山陰心象録(5) 宍道湖うさぎ(松江市袖師町)

夕日を受けシルエットに浮かび上がる先頭から2番目の「宍道湖うさぎ」=松江市袖師町
 旅人誘う縁結びストーリー

 宍道湖が眼前に広がる島根県立美術館前(松江市袖師町)の岸公園は、さまざまな彫刻やオブジェが並ぶ野外ギャラリーだ。中でも今、注目されるのが、12体のウサギのブロンズ像を連続写真のように配置した「宍道湖うさぎ」だろう。

 美術館から宍道湖に向かって、後ろ足で蹴る像と前脚で着地する像を交互に配置。先頭のうさぎは、後ろ足ですくっと立ち上がり、湖面をみつめる。
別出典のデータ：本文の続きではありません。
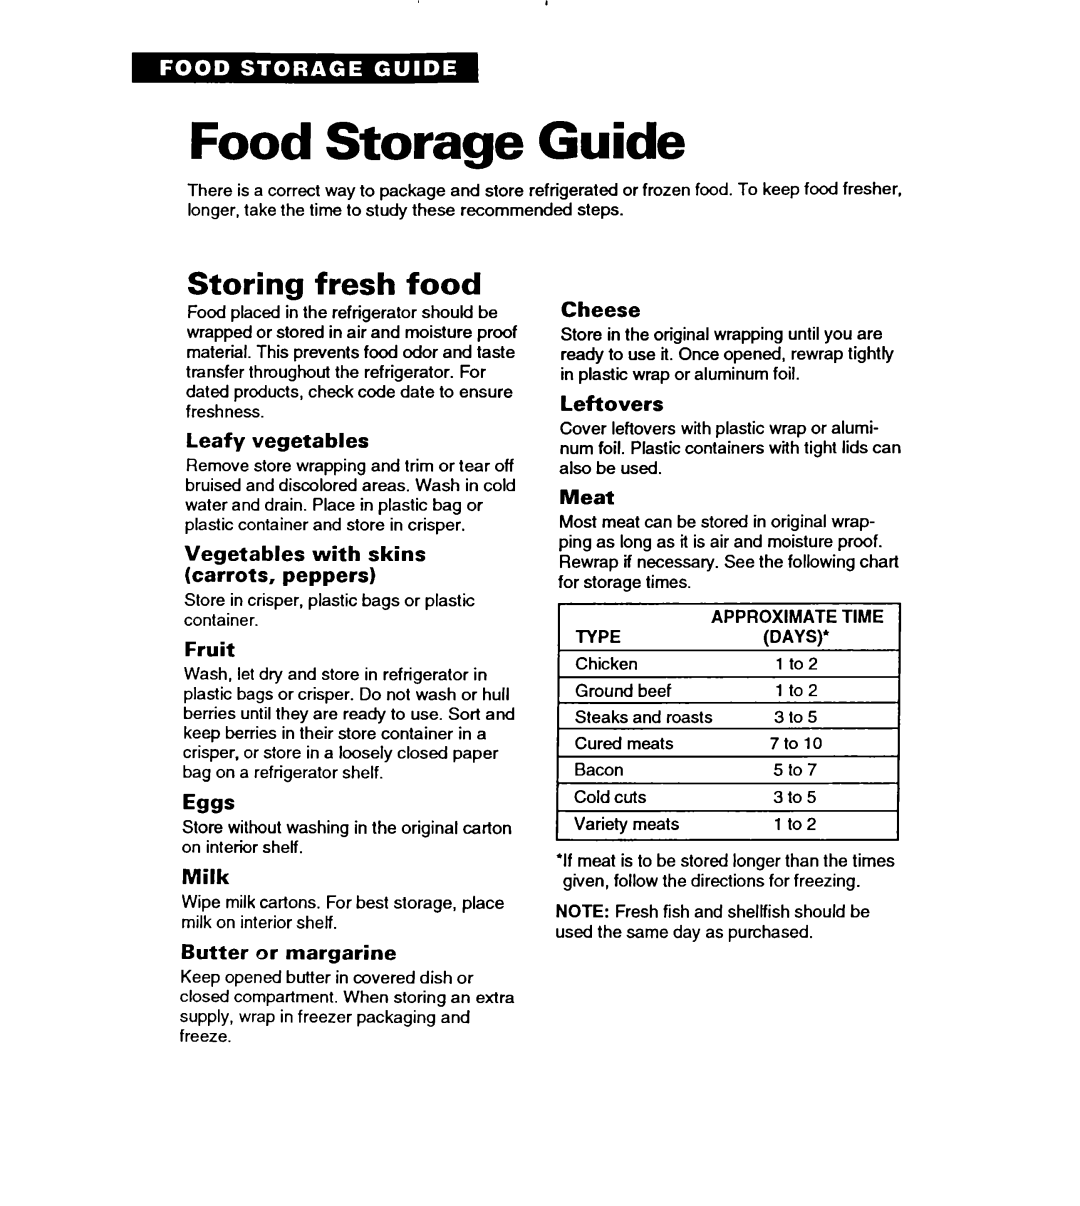 Whirlpool ET22DQ Food Storage Guide, Storing fresh food, Leafy vegetables, Vegetables with skins carrots, peppers, Fruit 
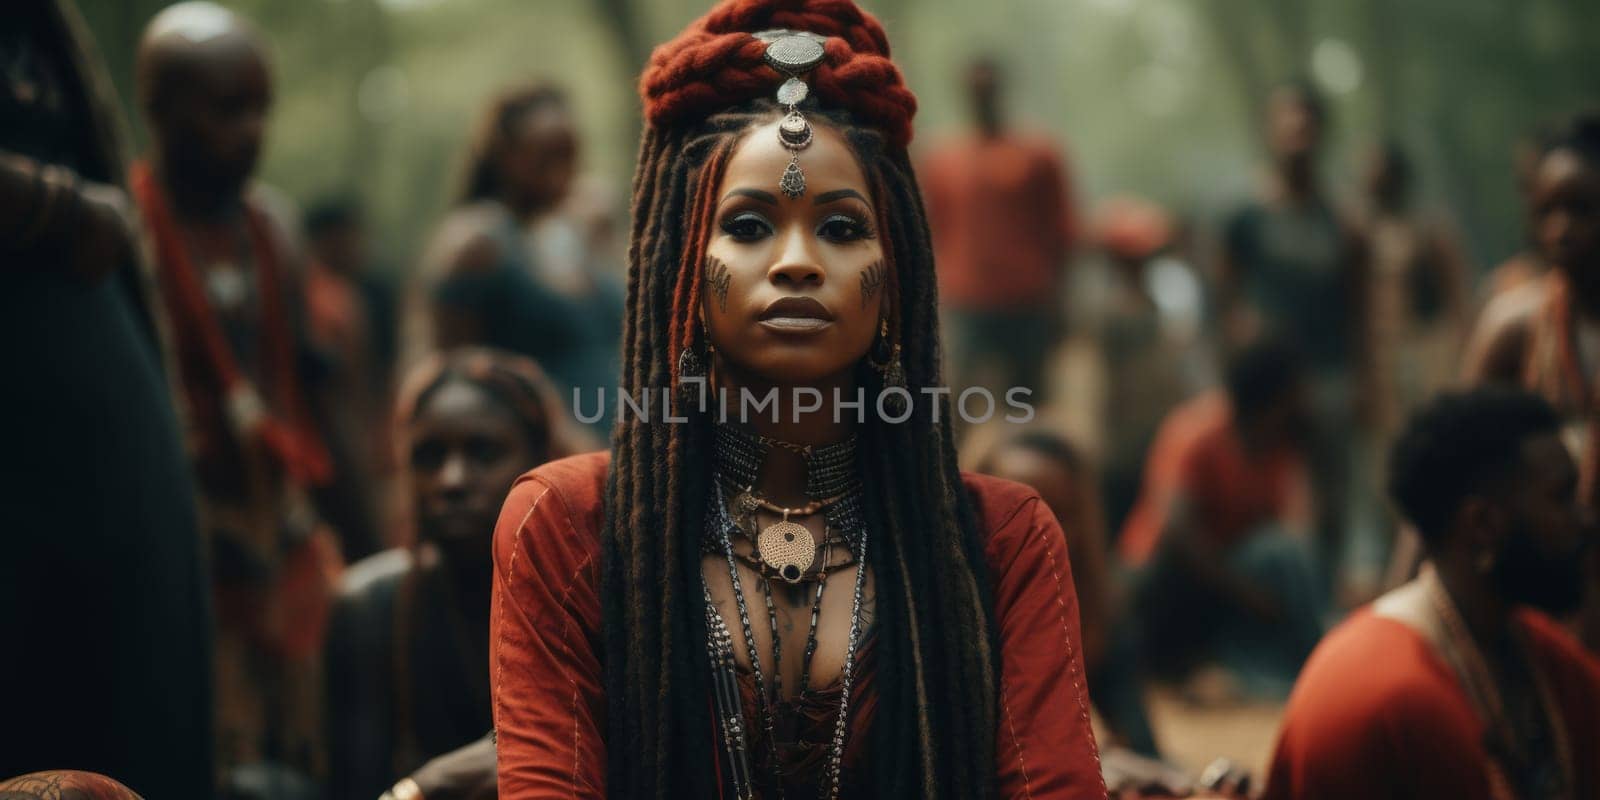 A woman with dreadlocks and a red dress sitting in front of other people, AI by starush

 島根県が縁結びの地として、注目されるようになるころ、先頭から2番目の像について、こんなストーリーがささやかれるようになった。「西の方角を向きながら優しく触ると、良縁や幸せが来る」「宍道湖特産のシジミの殻を供えると効果が増す」。像の前に置かれた大量のシジミの殻は、ご縁や幸せを求めて島根を旅する人の多さを実感させる。

 夕暮れになって、ウサギたちの周りに家族連れが集まってきた。シジミからかすかな潮の香りを感じるほど、思い切り2番目の像に寄ってファインダーをのぞいた。

 空の色、雲の表情が刻々と移り変わる夕刻の湖畔で、レンズ越しのウサギは今にも跳ね上がりそうだった。そのうち、黒く厚い雲の切れ間から、深紅の光が差し込んでくると、ウサギは巨大なシルエットになり、画面上で圧倒的な存在感を示した。